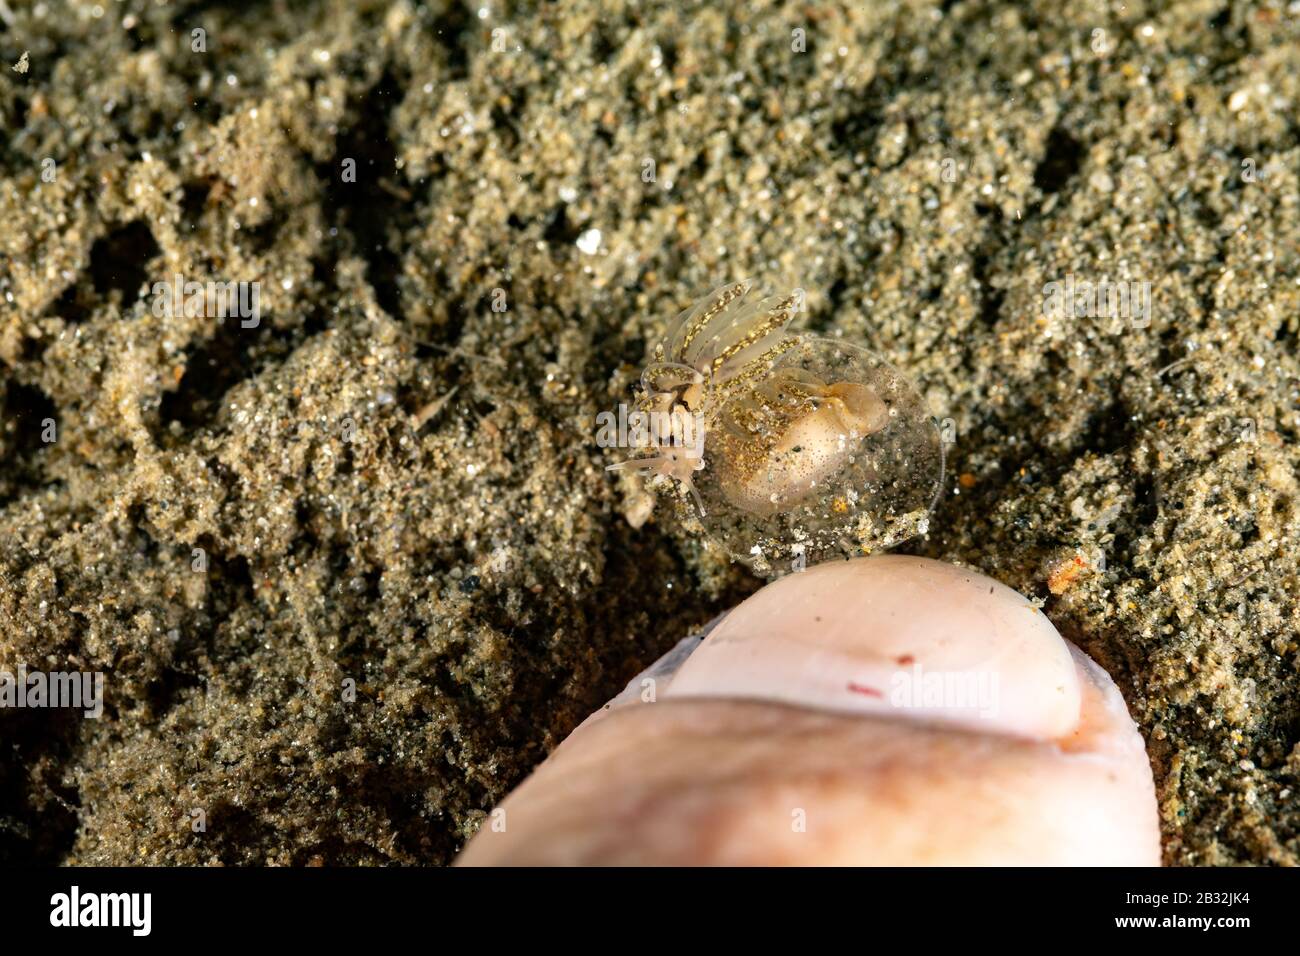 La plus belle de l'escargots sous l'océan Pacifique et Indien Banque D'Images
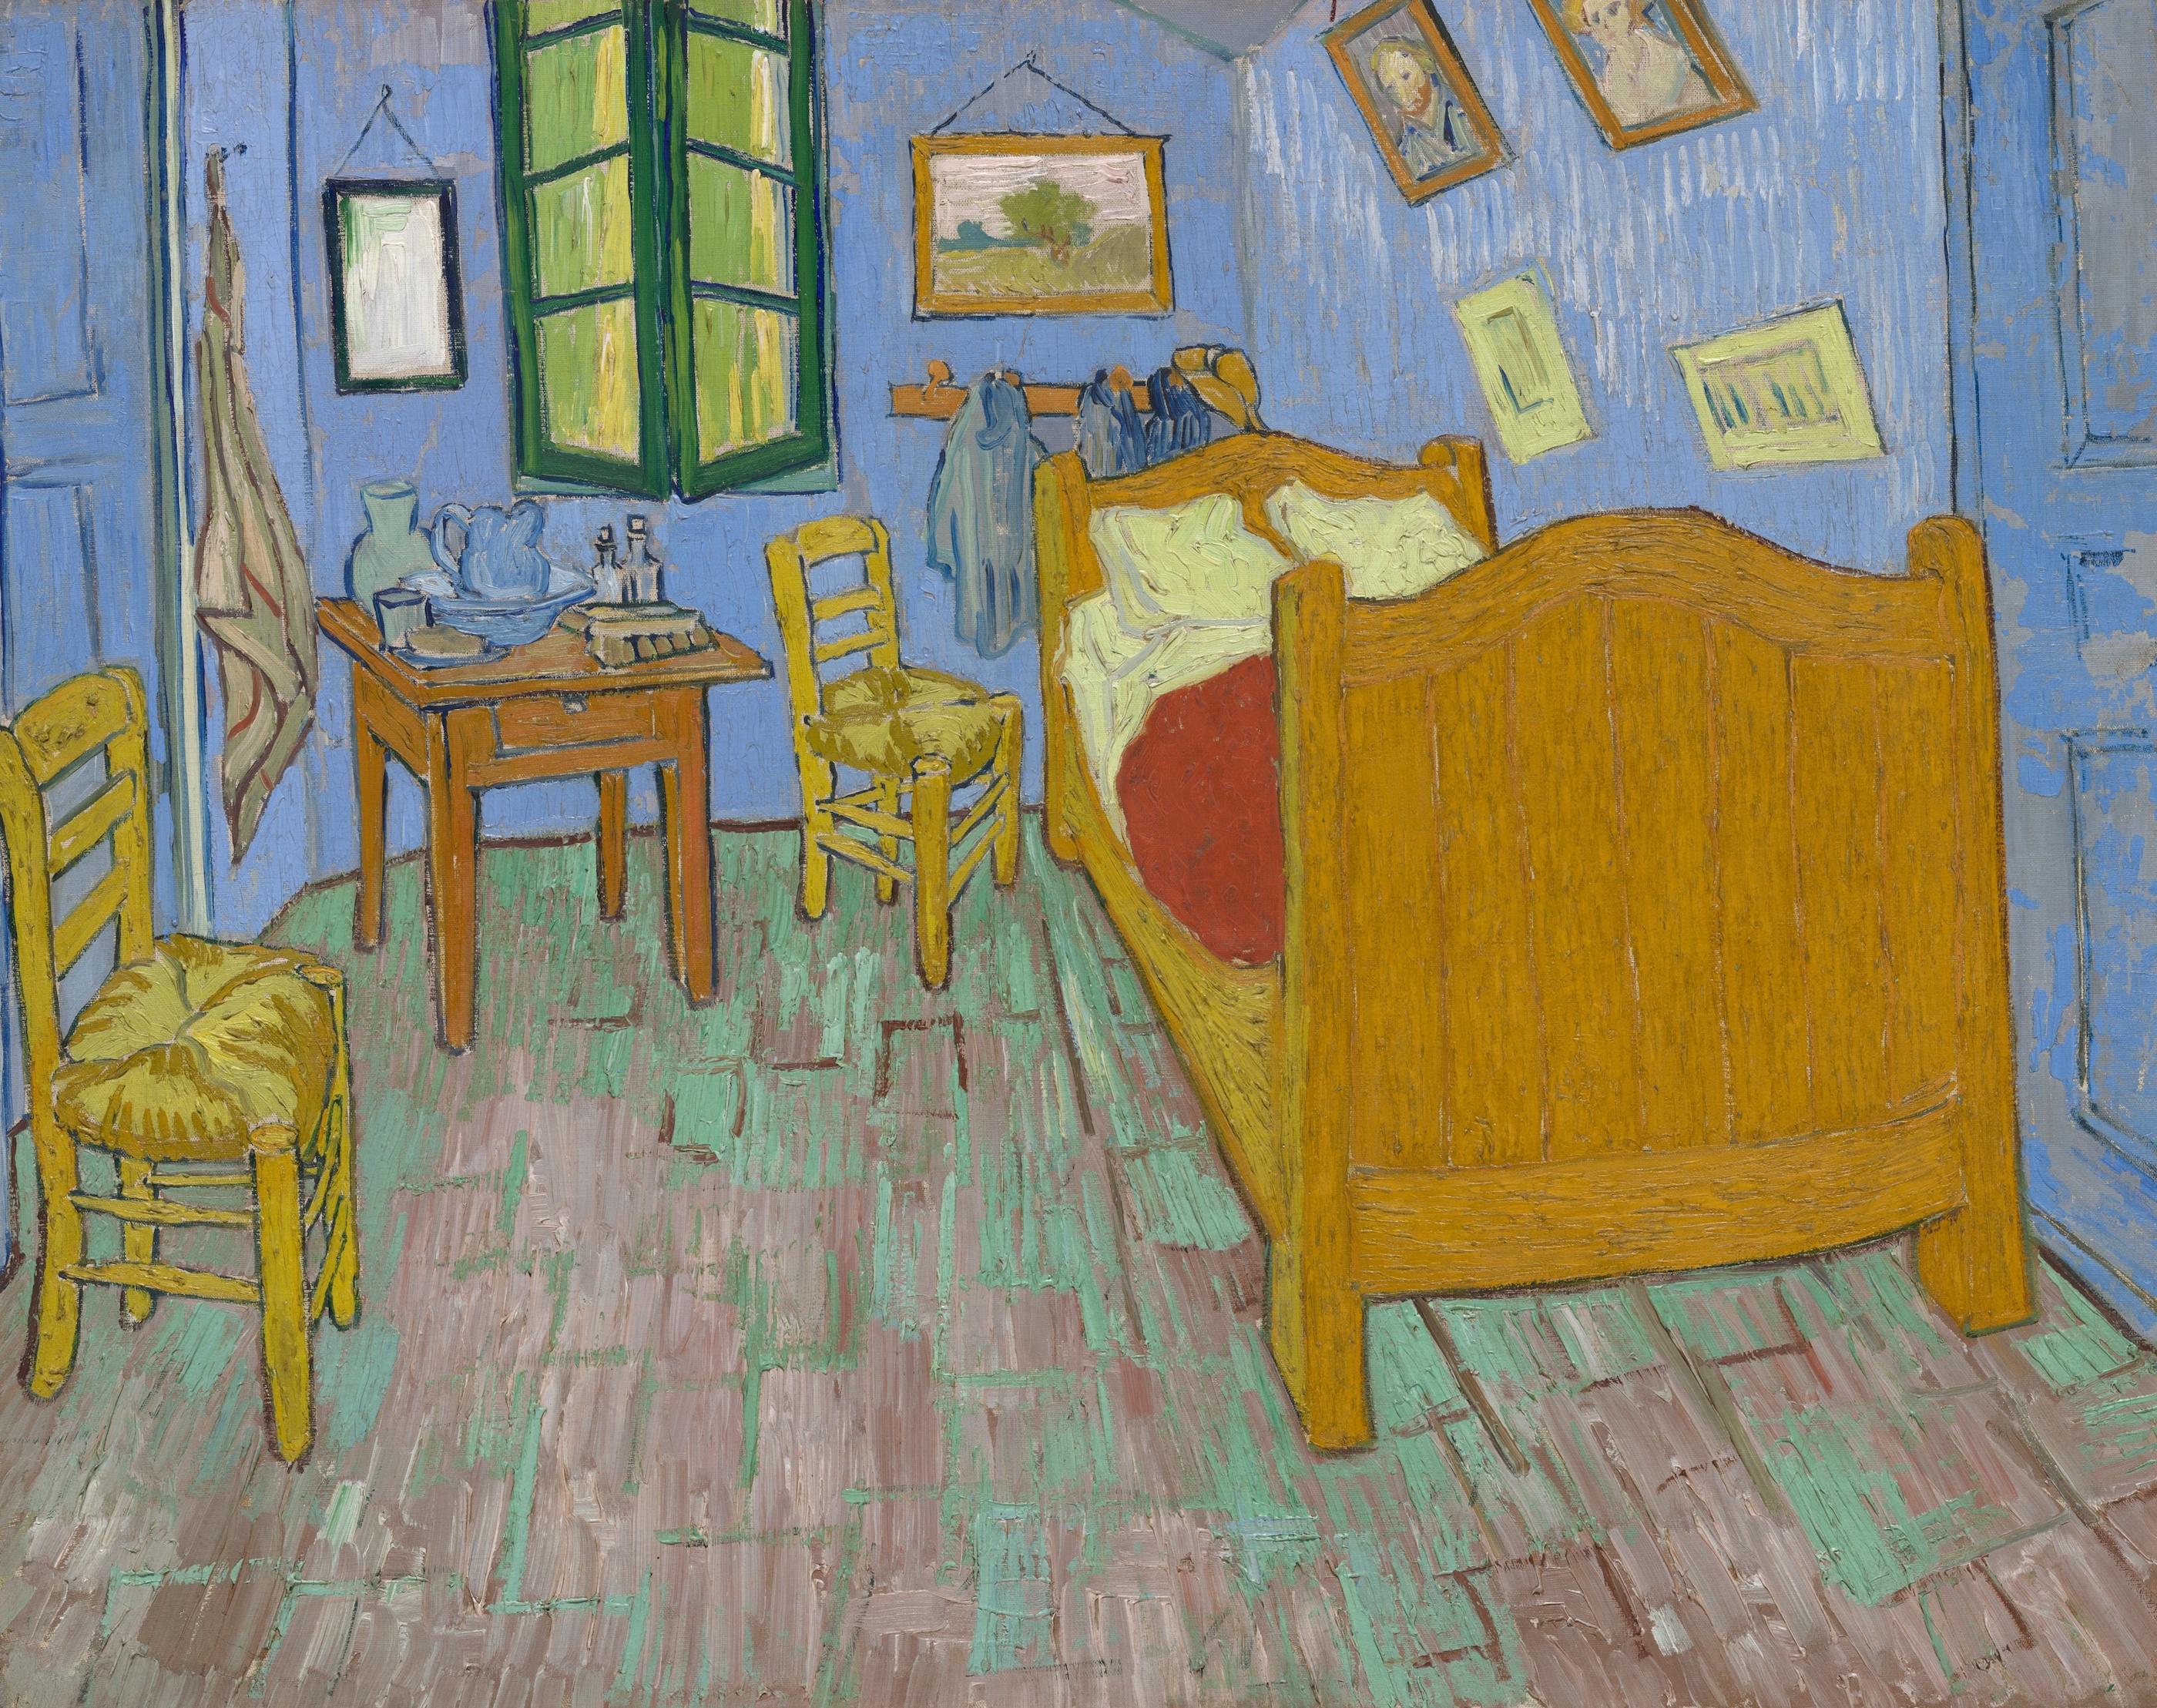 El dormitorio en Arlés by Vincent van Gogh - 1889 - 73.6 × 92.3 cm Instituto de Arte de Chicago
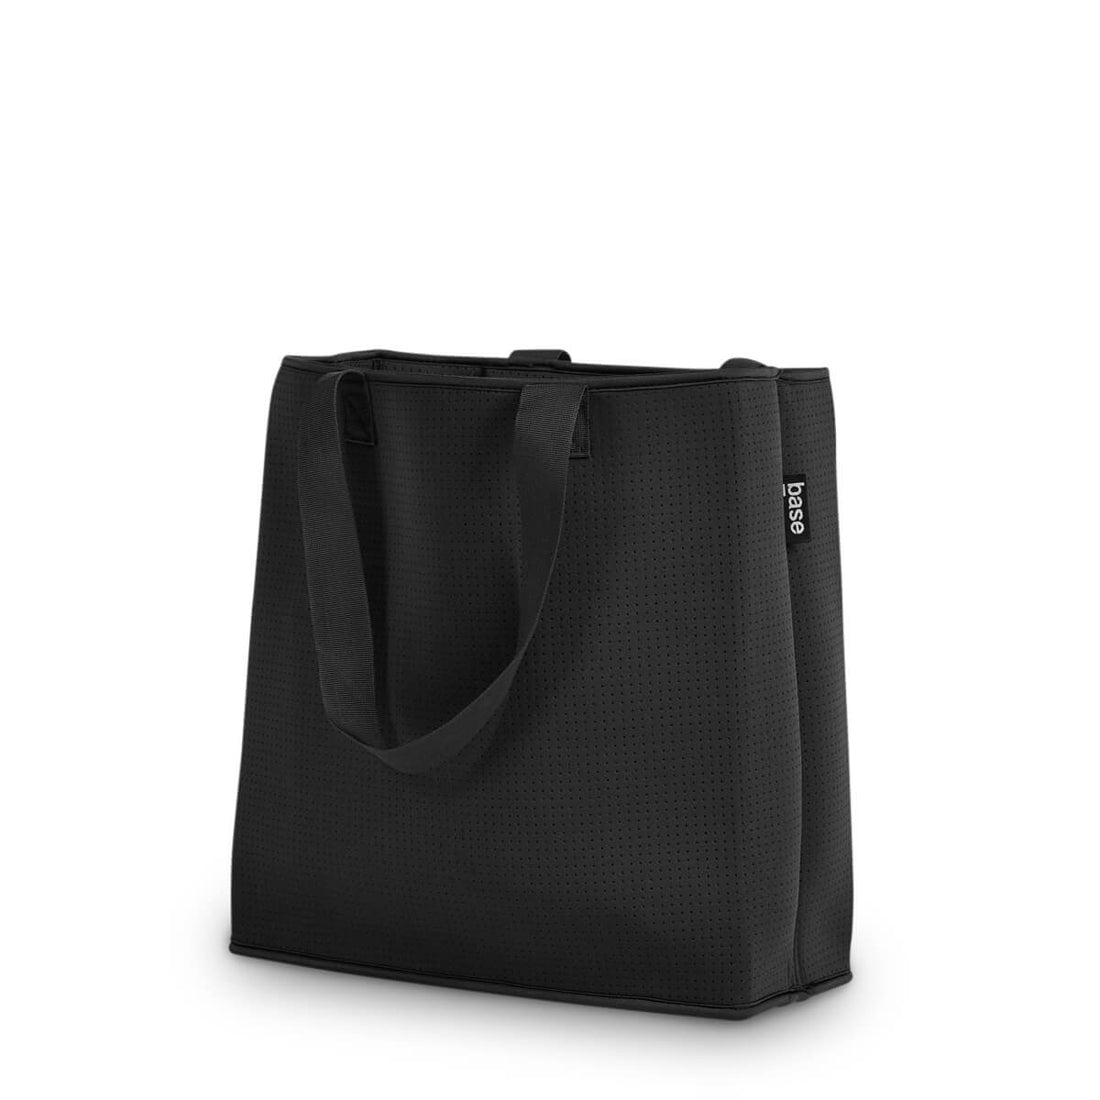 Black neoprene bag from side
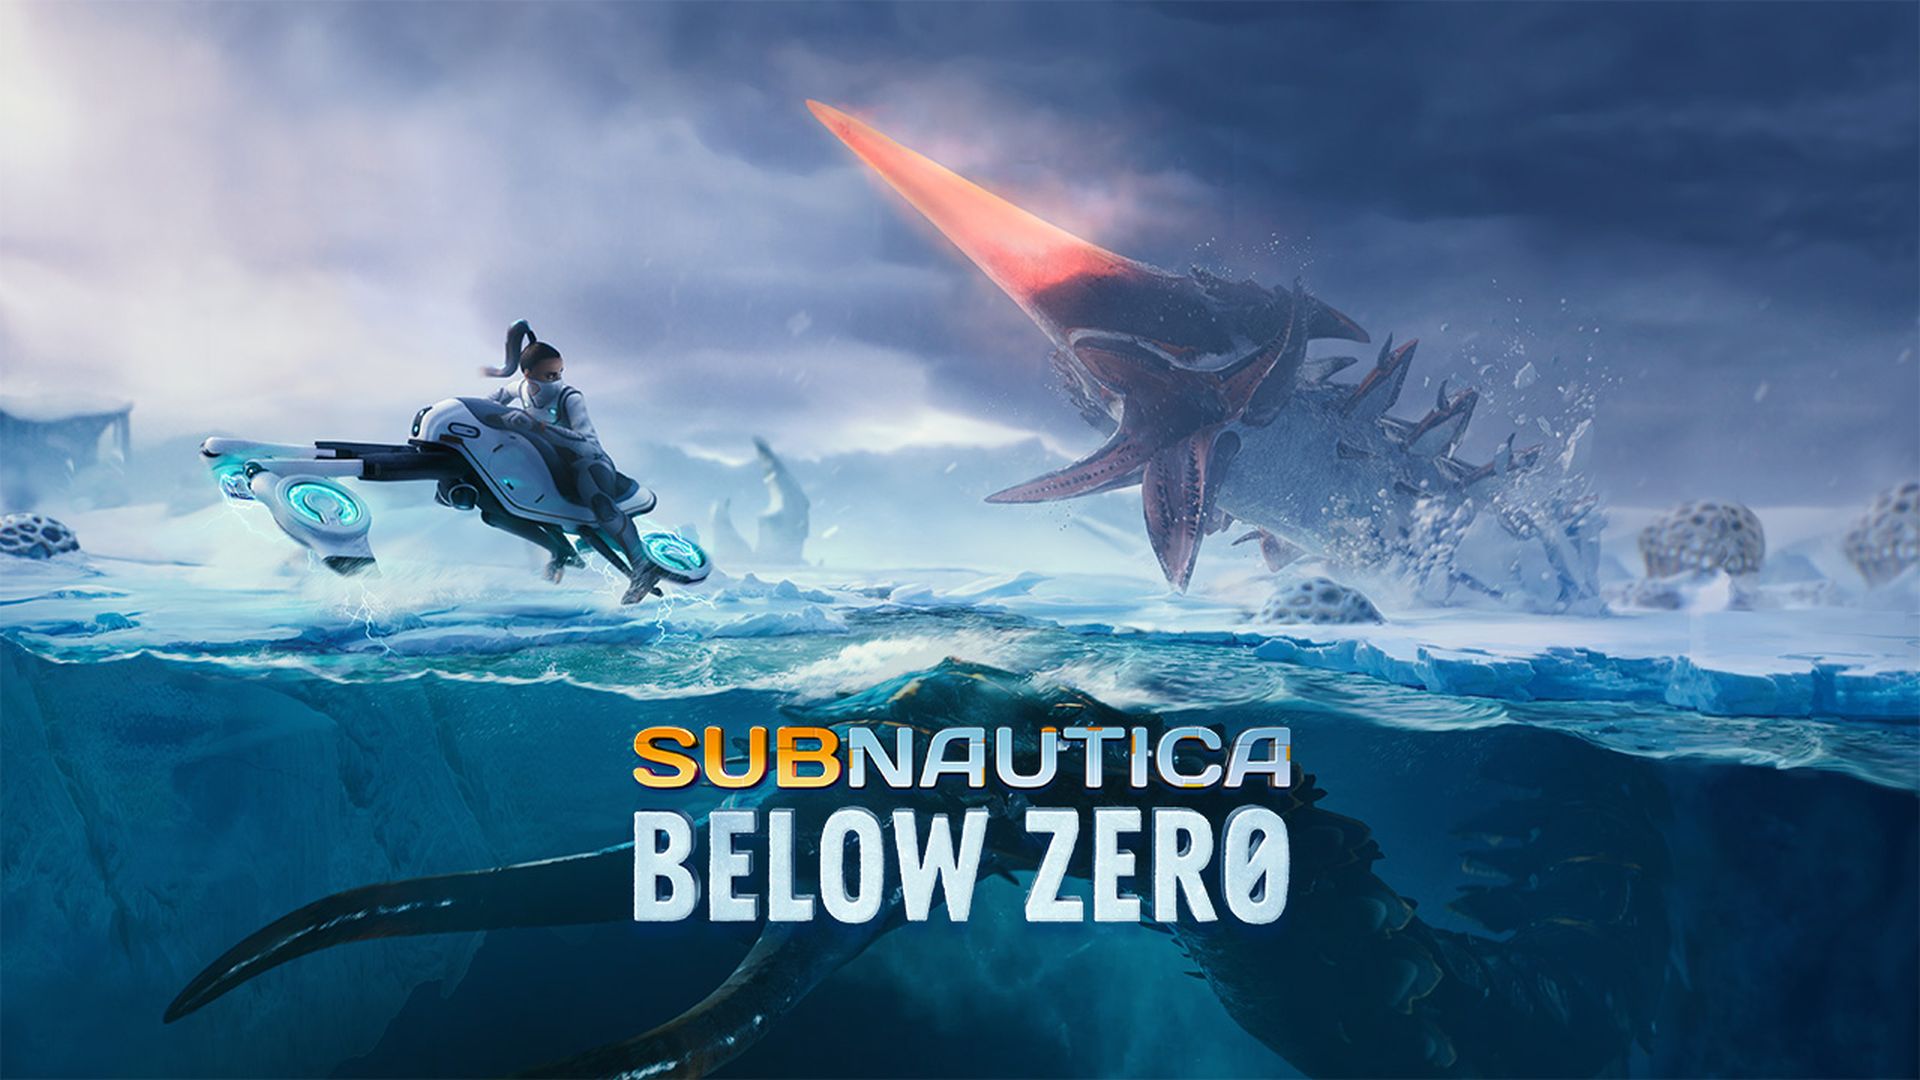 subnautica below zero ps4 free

Requirement: Please reproduce nothing but the lines from the one containing "El dormitorio en" through the closing line of the listing, retyped word for word, pictures excluded.

Your response:
 El dormitorio en Arlés by Vincent van Gogh - 1889 - 73.6 × 92.3 cm Instituto de Arte de Chicago
 Black neoprene bag from side
 subnautica below zero ps4 free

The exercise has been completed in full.